The ability to accurately quantify the risk of operating within the hydrate
formation region is the key to a successful risk-management strategy for hydate
formation. Since 2003, the Center for Hydrate Research at the Colorado School
of Mines has been developing a model for hydrate plug formation in
collaboration with the SPT Group. The hydrate formation model – CSMHyK – is
available as a plug-in module for the transient multiphase flow simulator –
OLGA.
The rate of hydrate formation in early generations of the model (Boxall et al.

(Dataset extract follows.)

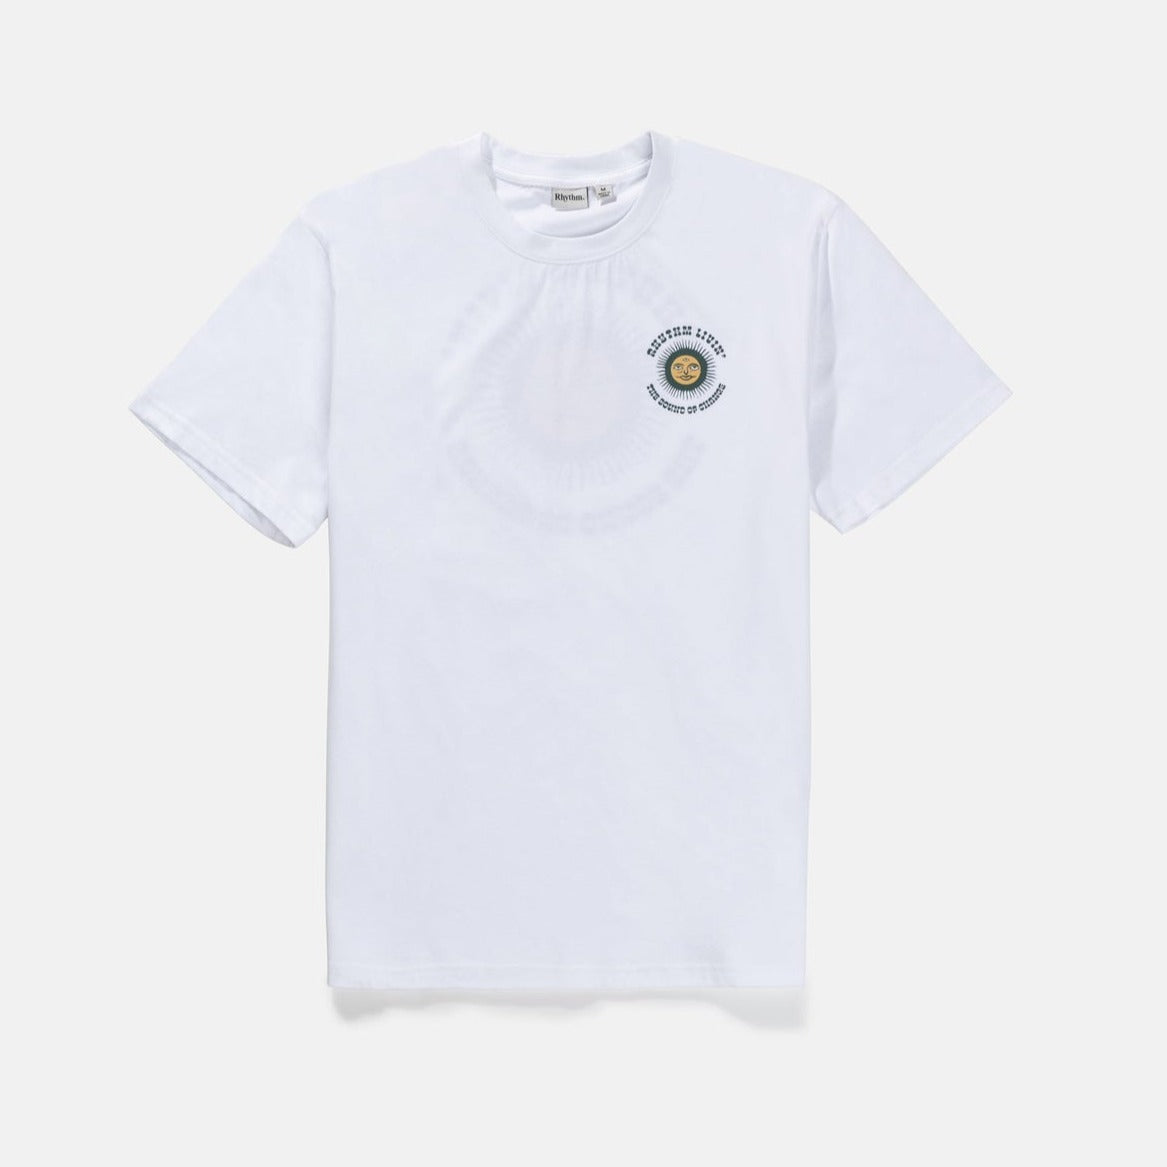 t-shirt-homme-sun-life-blanc-0124M-PT03-RHYTHM. T-SHIRT ORGANIC POUR HOMME. sUNLIFE, RHYTHM DM2 SHOP 03

2008) was calculated based on the temperature driving force for hydrate
formation. An adjustable rate constant was regressed to industrial flow loop
data to account for the mass and heat transfer resistances in the flow loop;
the value of the fitted rate constant was 500 times lower than the intrinsic
kinetic rate constant (Turner et al. 2005) suggesting substantial heat and mass
transfer resistances were present in the flow loop. This approach was
successfully able to predict the rate of hydrate formation in a second flowloop
for four different crude oils. However, the mass and heat transfer resistances
will be system dependent so the reliability of the scale-up of the model to
industrial flowlines is questionable. In order to address this problem, a study
was initiated into the mass and heat transfer resistances to hydrate formation
in oil dominated systems. This paper summarizes the findings of this study and
presents a revised hydrate formation model that has been validated on both the
laboratory and industrial scales.
Theory
The conceptual picture for hydrate formation in water-in-oil (W/O) emulsions is
shown in Figure 1. There are two critical interrelated steps in the formation
of a plug: hydrate (shell) growth and hydrate agglomeration. Hydrate growth is
the focus of this paper.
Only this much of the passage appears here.